2. The method according to claim 1, wherein determining the target to be tracked from the targets to be screened included in the target frame image based on the similarity matching result includes:

3. The method of claim 1, wherein the pre-set feature extraction model comprises a shallow convolution module and a deep convolution module; inputting the image corresponding to the external reference detection frame into a preset feature extraction model for feature extraction to obtain a tracking image feature corresponding to a target to be tracked in the reference frame image, wherein the method comprises the following steps:

4. A method according to claim 3, wherein the determining, based on the shallow reference feature vector and the deep reference feature vector, a tracking image feature corresponding to a target to be tracked in the reference frame image includes:

5. The method according to claim 4, wherein the determining whether there is a region overlap in the circumscribed screening detection frame corresponding to each of the objects to be screened in the target frame image includes:

6. The method of claim 1, wherein the similarity matching the object to be tracked with each of the objects to be screened based on the tracking image features, the reference area, the reference aspect ratio, the screening image features, the screening area, and the screening aspect ratio comprises:

7. The method of claim 1, wherein clustering each of the non-tracked objects based on the non-tracked image features to obtain a cluster center comprises:

8. An object tracking device, comprising:

The acquisition unit is used for acquiring reference frame image information, wherein the reference frame image information comprises a target to be tracked, a reference area and a reference length-width ratio of an external reference detection frame, and the target to be tracked is drawn with the external reference detection frame; the reference frame image information also comprises each non-tracking target drawn with an external non-tracking detection frame, and the categories of the non-tracking targets and the targets to be tracked are the same;

the target tracking unit is used for determining a target to be tracked in the targets to be screened contained in the target frame image based on a similarity matching result to track the target to be tracked;

The target tracking unit is used for inputting the images corresponding to the external non-tracking detection frames into the preset feature extraction model to perform feature extraction, so as to obtain non-tracking image features corresponding to the non-tracking targets in the reference frame images; based on the non-tracking image characteristics, clustering each non-tracking target to obtain a clustering center, and determining centroid characteristics corresponding to the clustering center; calculating the degree of dissimilarity between the clustering center and each target to be screened respectively based on the centroid characteristics and the screening image characteristics corresponding to each target to be screened; determining a target dissimilarity degree greater than a preset dissimilarity threshold value in each dissimilarity degree; determining target feature similarity greater than a preset similarity threshold value in the feature similarity between the target to be tracked and each target to be screened; and determining an overlapped screening target in targets to be screened corresponding to the target dissimilarity degree and targets to be screened corresponding to the target feature similarity, and determining the targets to be tracked in the target frame image for tracking based on the overlapped screening target.

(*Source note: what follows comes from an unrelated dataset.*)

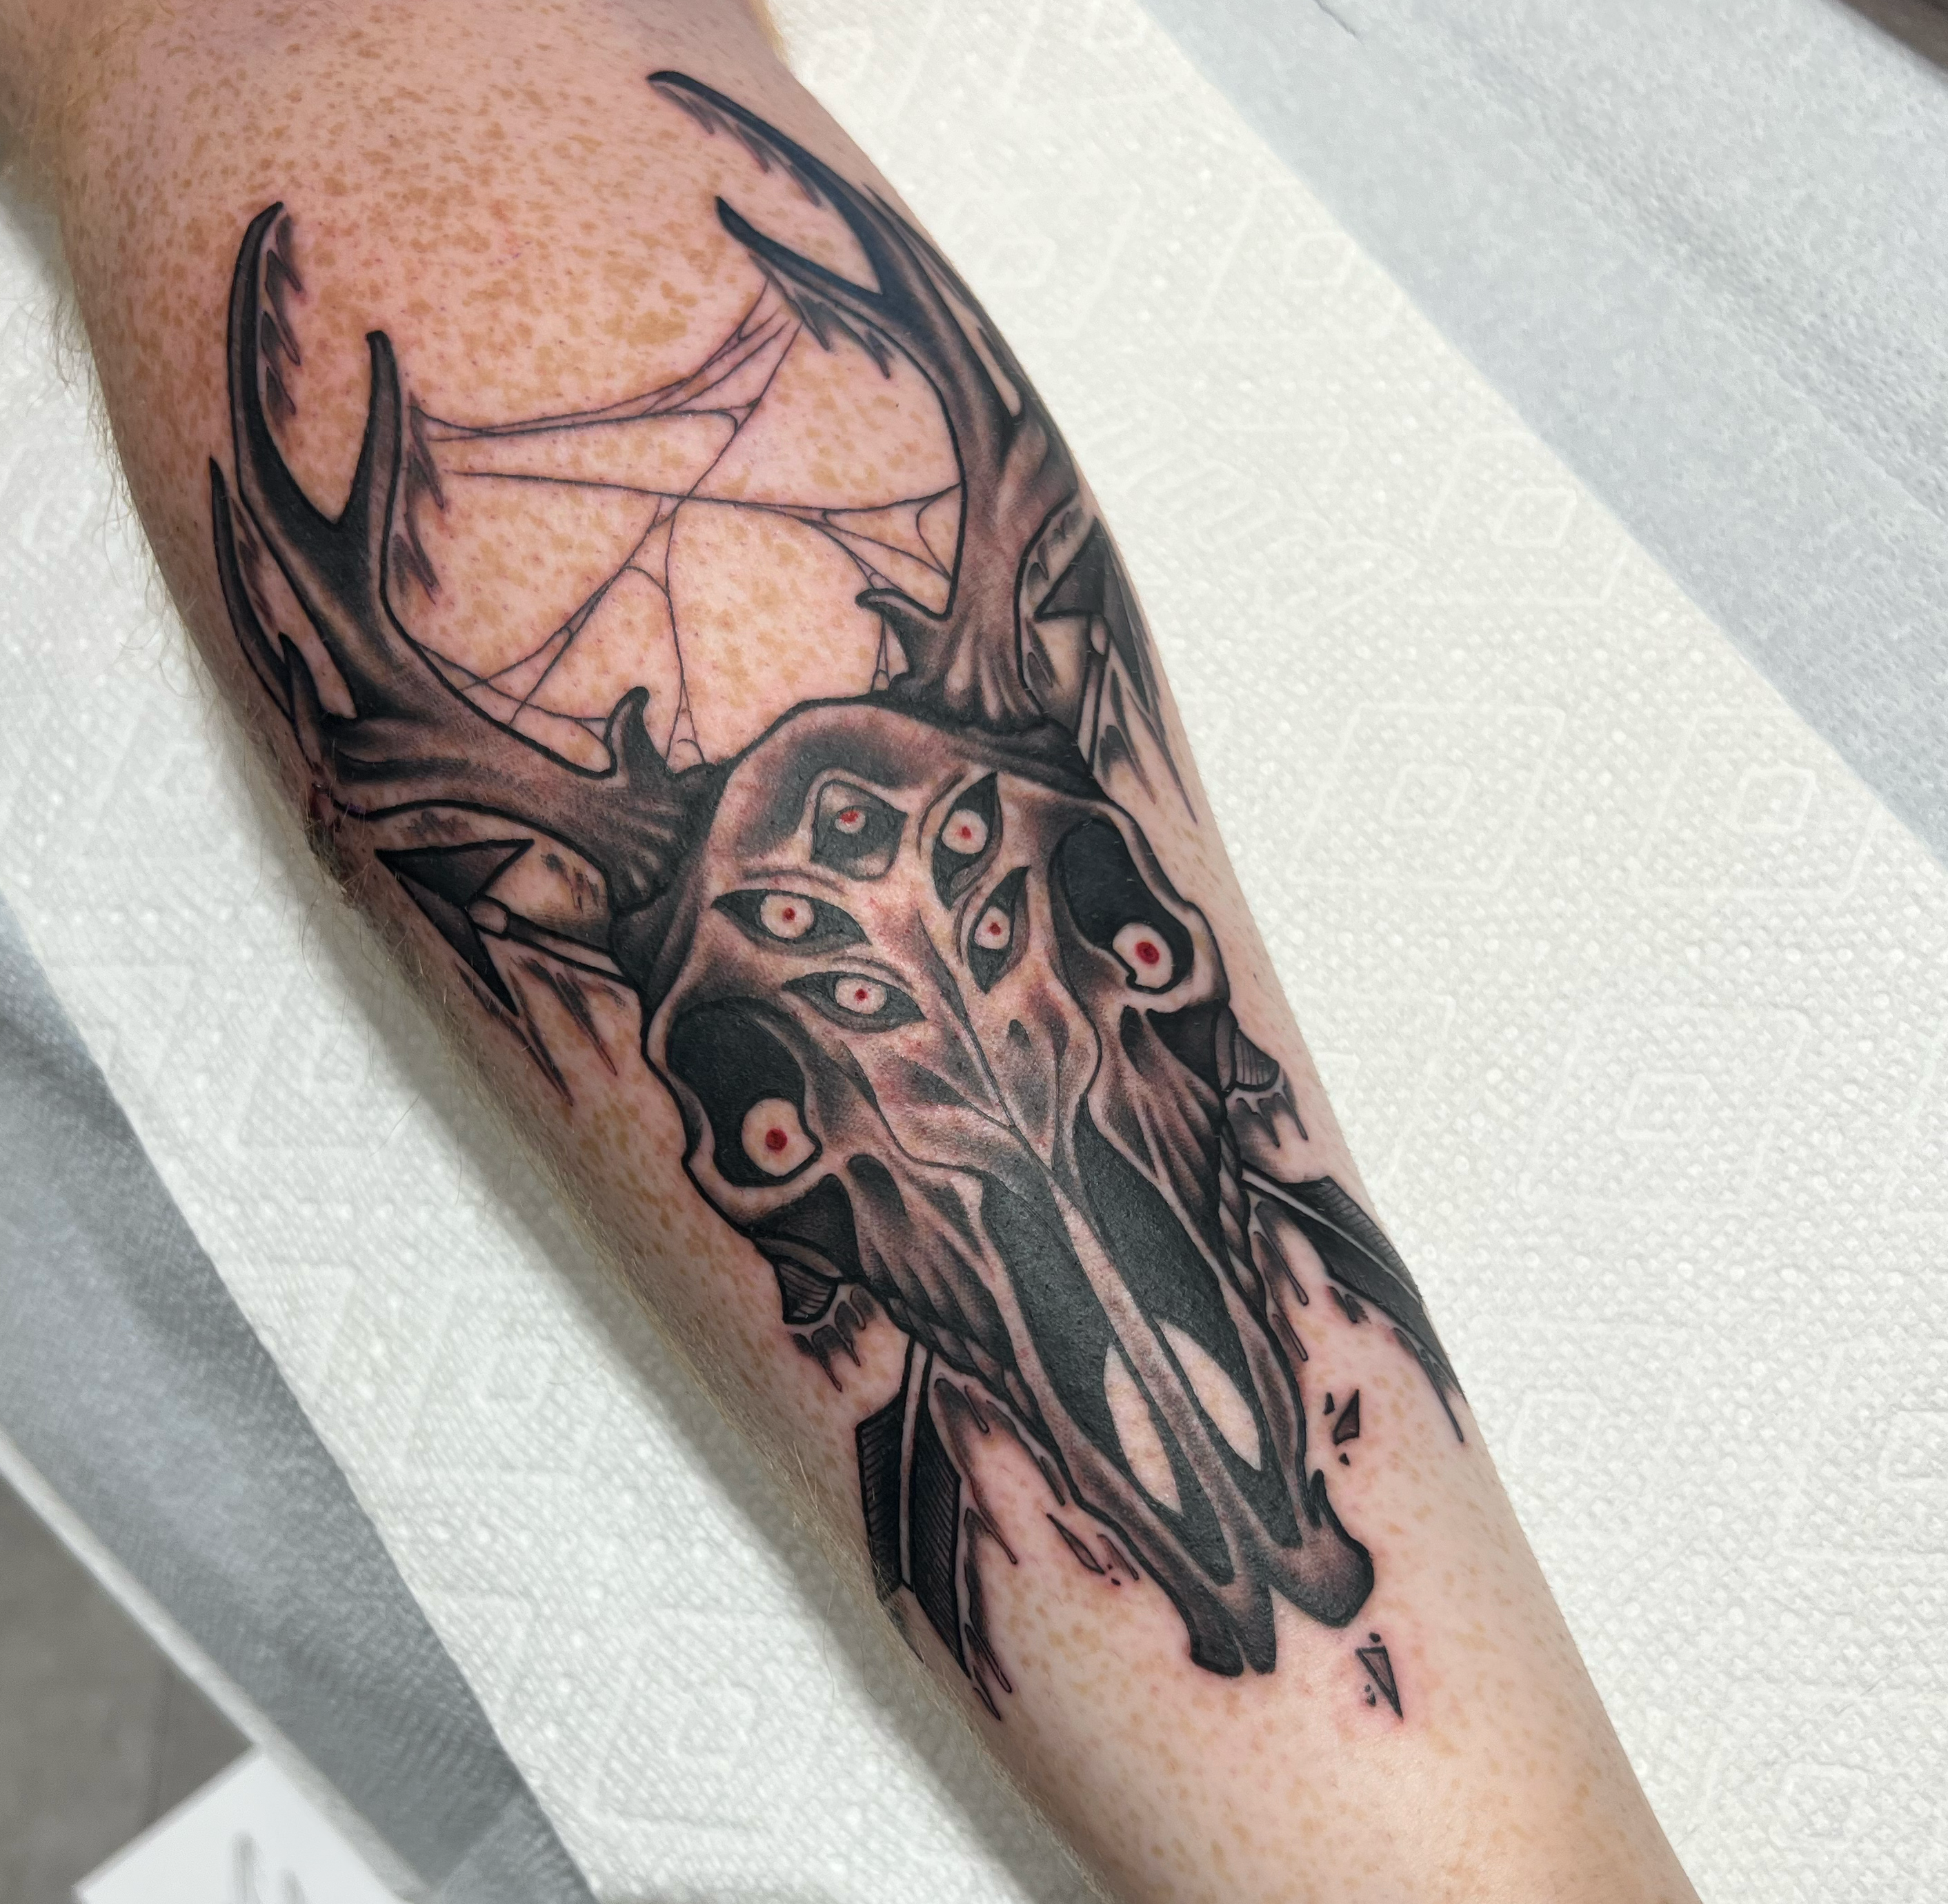 101 Best Deer Skull Tattoo Ideas You'll Have To See To Believe!

9. A computer readable storage medium, on which a computer program is stored, characterized in that the computer program, when being executed by a processor, implements the steps of the method of any of claims 1 to 7.

10. A computer device comprising a memory, a processor and a computer program stored on the memory and executable on the processor, characterized in that the computer program when executed by the processor implements the steps of the method according to any one of claims 1 to 7.